Pub Date : 2022-12-01 DOI: 10.17476/jmbs.2022.11.2.54
Joo Hoon Lee, Ji-Hyeon Park, Seong Min Kim

Purpose: This study aimed to assess the association of dietary quality and surgical satisfaction with the amount of total weight loss (TWL) 1 year after laparoscopic sleeve gastrectomy (LSG) using the food tolerance score (FTS) and Bariatric Analysis and Reporting Outcome System (BAROS) questionnaires.

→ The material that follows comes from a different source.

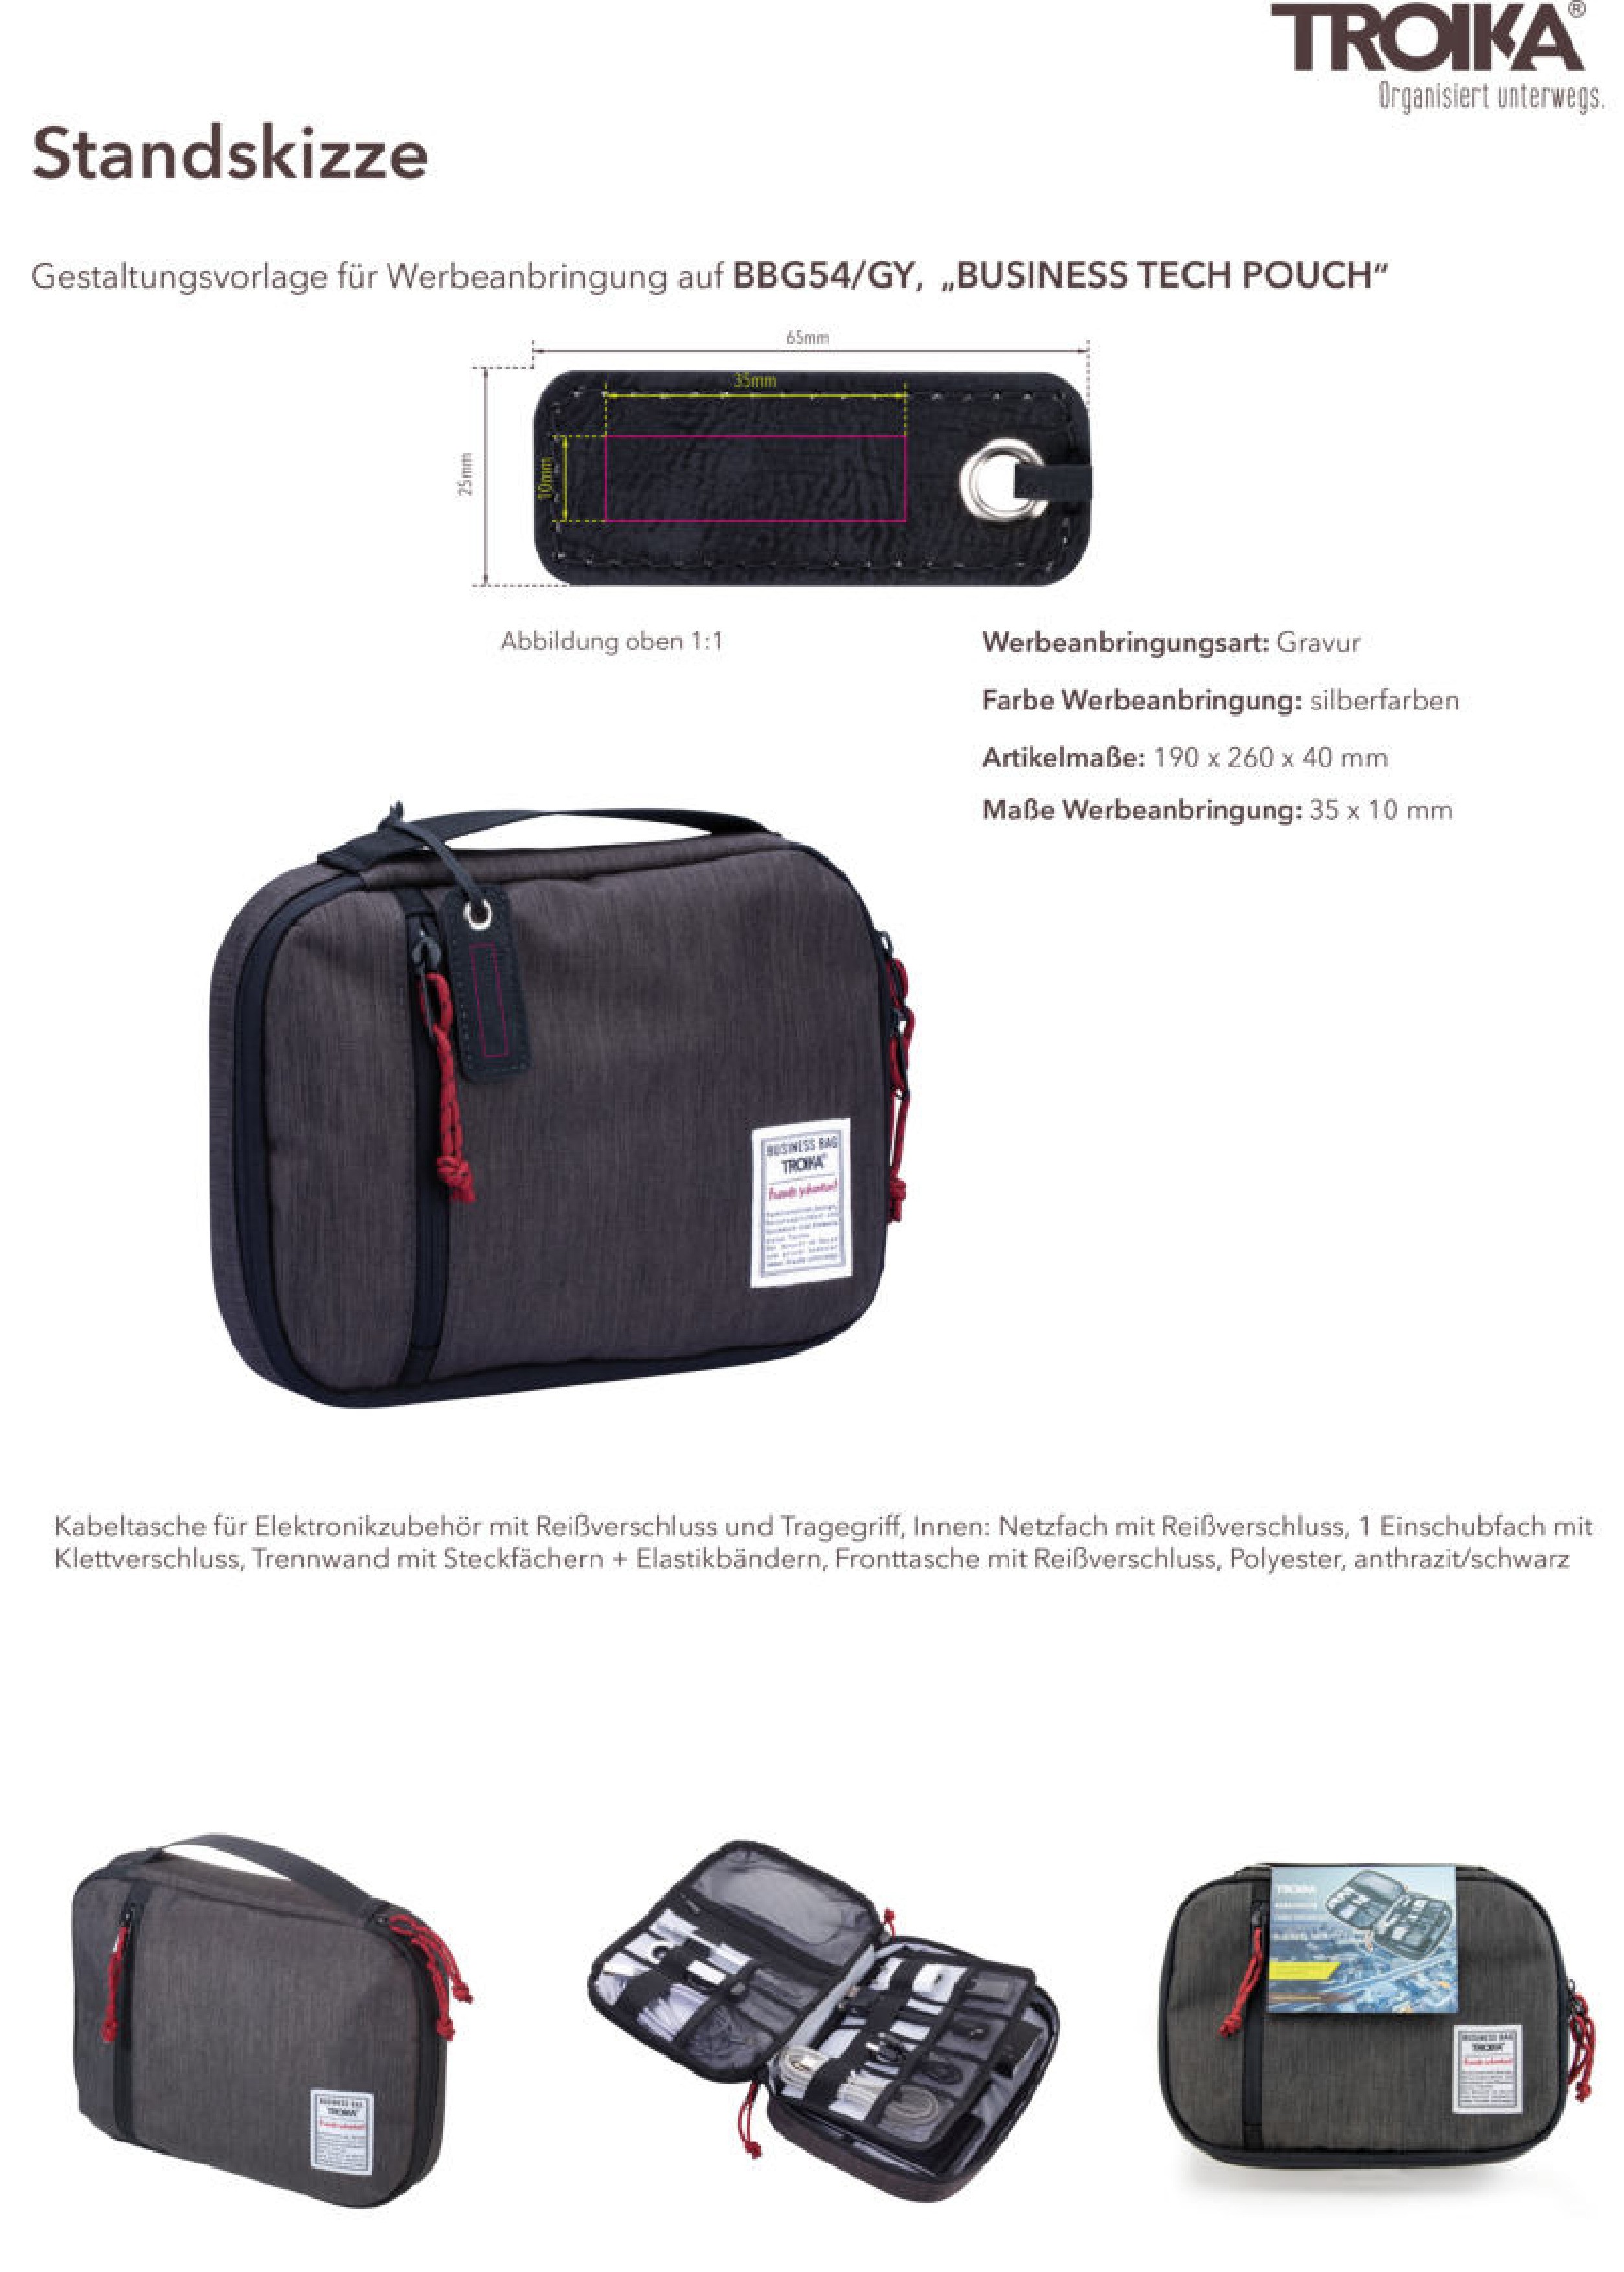 FINPAC Elektronische Tasche Kabeltasche - Elektronik zubehör

Materials and methods: This single-center retrospective study included patients who underwent LSG due to morbid obesity. Only those who have 1-year follow-up data were included and divided into 2 groups: suboptimal TWL (STWL) ≤20% and optimal TWL (OTWL) >20%. Clinical data and questionnaires recorded 1 year after surgery were collected. FTS was used to evaluate the degree of food tolerance, and BAROS assessed surgical outcomes, including weight loss, comorbidity changes, and quality of life (QoL). The total FTS and BAROS scores of the 2 groups were compared.

Results: Of 580 patients, 159 were included. Patients in STWL (n=17) were significantly older than those in OTWL (n=142) (42.24±9.28 vs. 35.92±8.71 years old, P=0.006). The total FTS (1-30 points) for STWL and OTWL were 24.88±3.43 and 25.04±3.14, respectively (P=0.845). Although the total BAROS scores (maximum: 9 points) were significantly lower in STWL than in OTWL (5.96±1.48 vs. 7.20±1.40, P<0.001). The only variable that made this difference was weight loss. There were no significant differences in other variables, such as medical conditions, QoL, and complications.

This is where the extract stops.